I read this book in the original German. While I am not completely fluent, I remember reading a funny, interesting crime drama from a cynical former detective. However, from preliminary readings of the translation, it seems that most of the humor or voice was lost. I am not sure if the translator's native language is English or German, but a lot of the wording is cliche or sounds like it is trying too hard to be "natural", in my opinion.

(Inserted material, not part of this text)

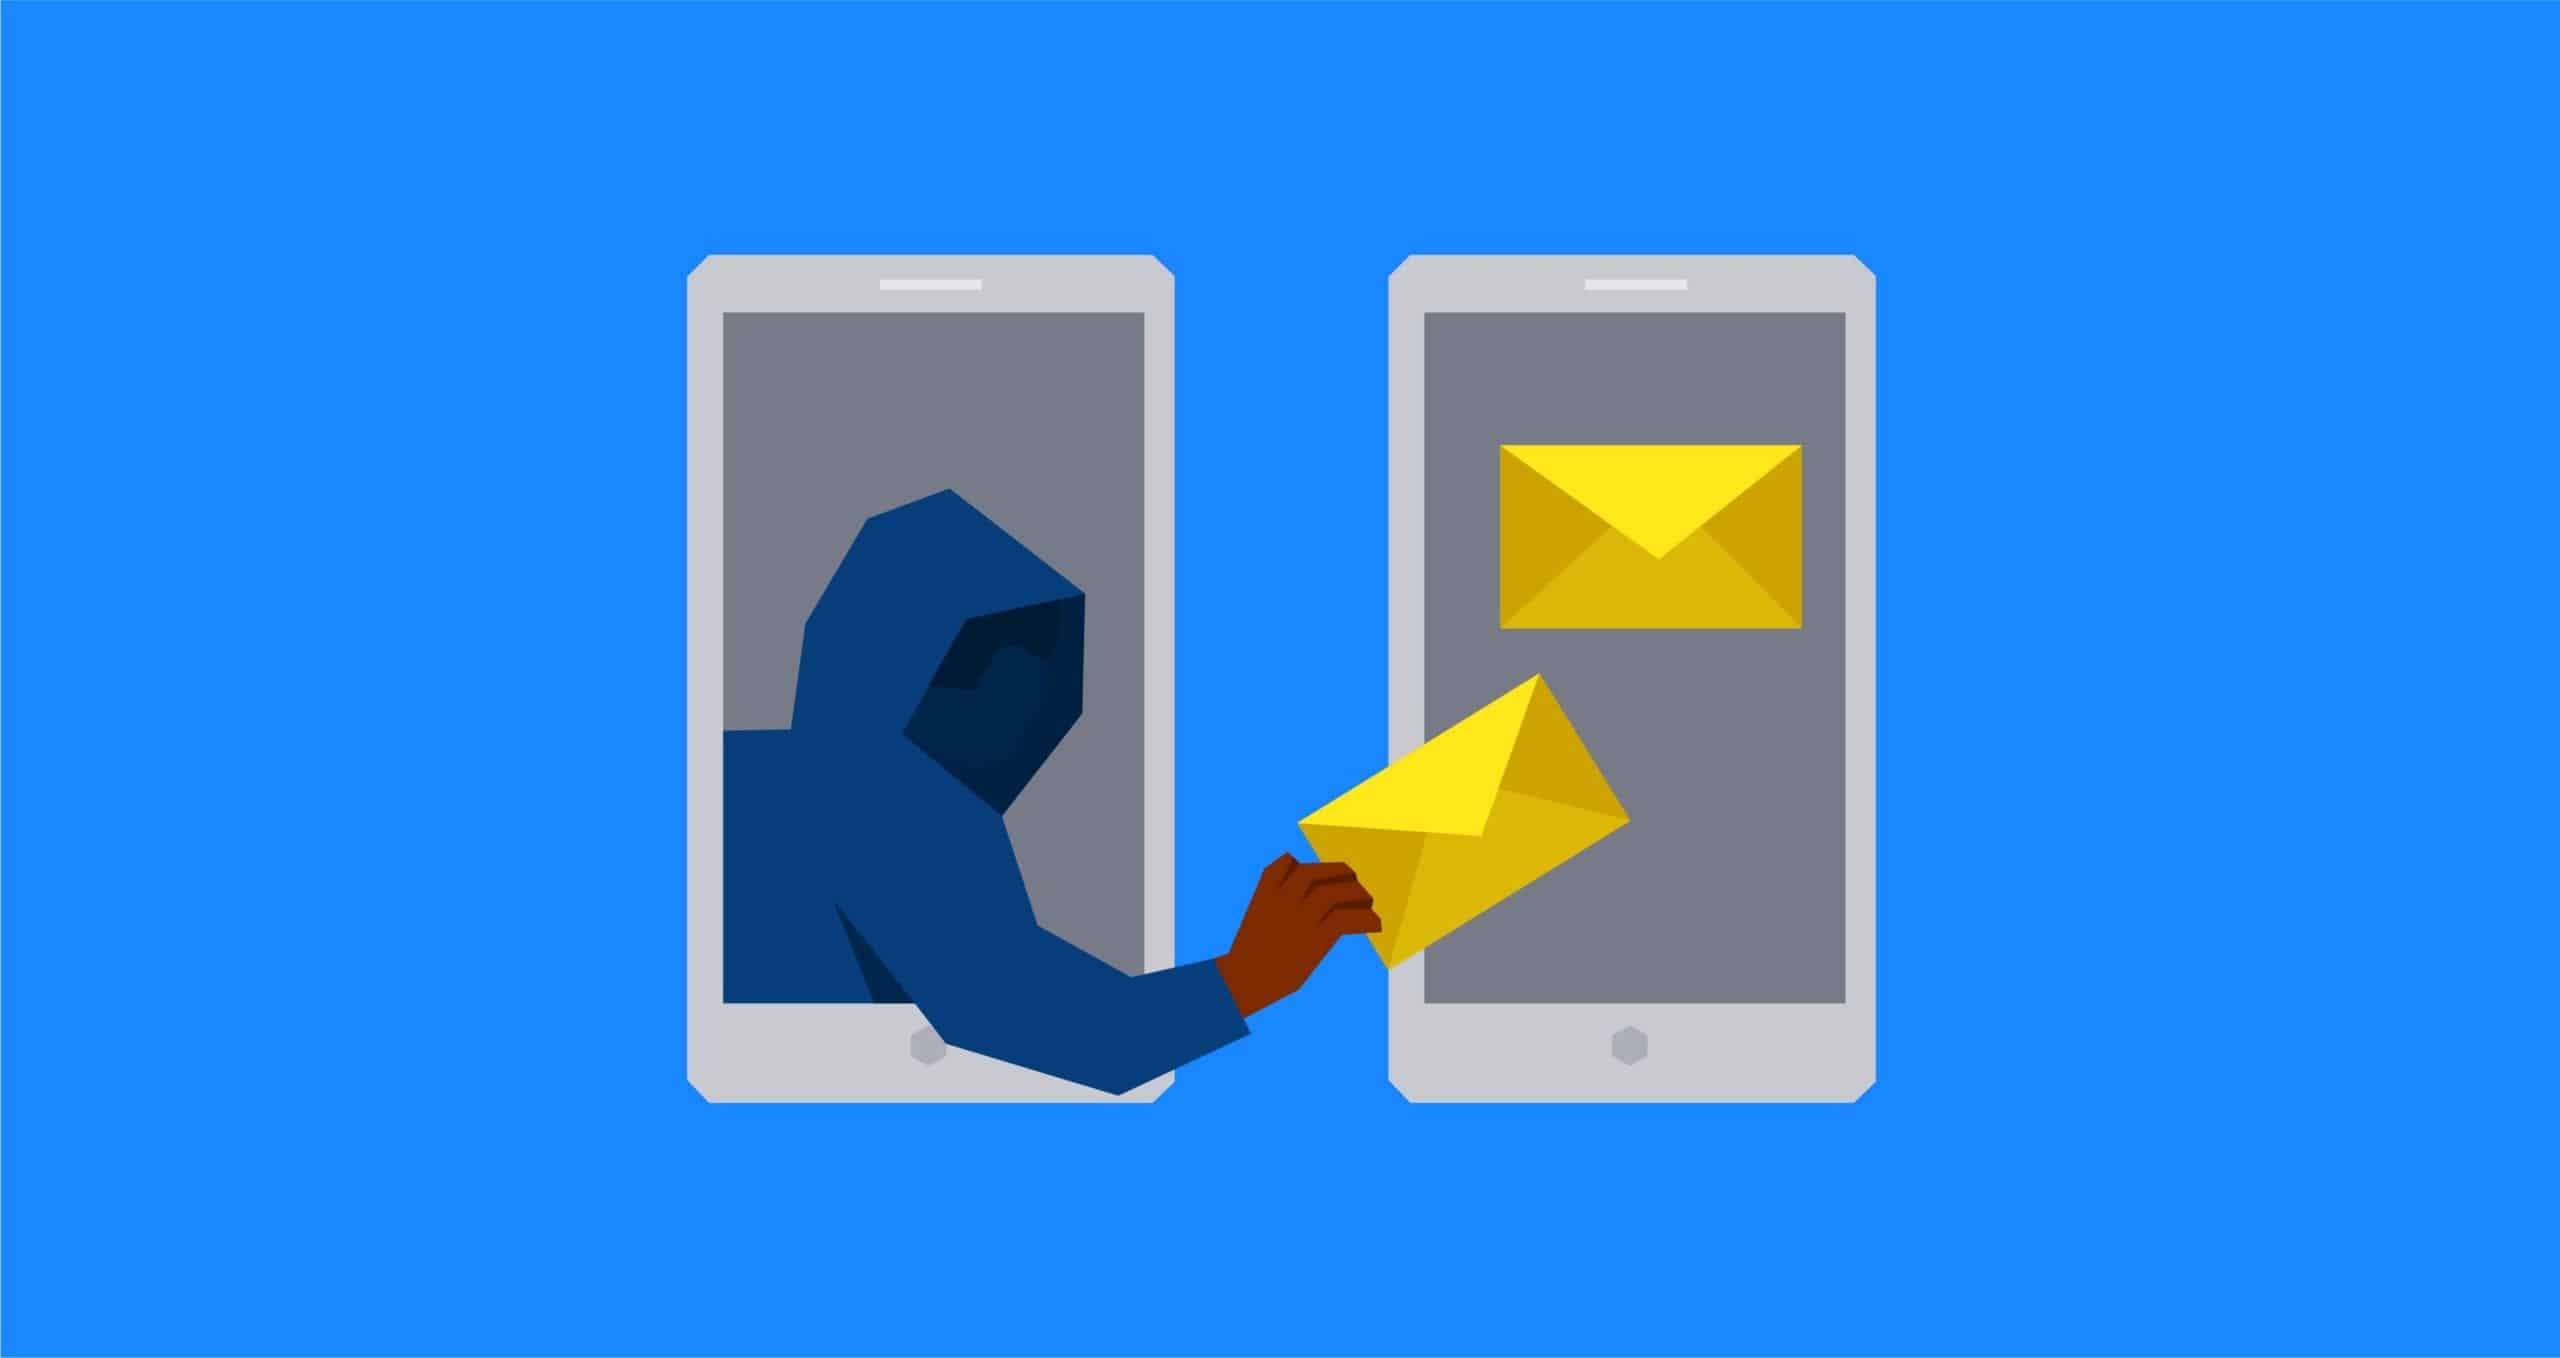 Cybercriminals are circumventing email security with image-based

I'm a huge fan of Haas. It's the voice that makes these books so memorable. Imagine the saddest most cynical detective you can, throw some dark, political crimes his way, but then give him a narrator that mocks and cajoles him the whole way. It's funnier than it has any right to be.
This is a thriller, but the only memorable parts are the occasional attempts at jokes. I fell asleep trying to read it more than any other book I can recall. The author writes as if she is a "story teller", and an irascible one at that, an affectation that annoys, rather than making the story interesting. There is no suspense, nothing to grab your interest, other than regrets at spending money on the book.
I tried to read this book as the synopsis sounded like it would good. I found what I read to be confusing and not interesting. I may not have been in the right mood to appreciate this book.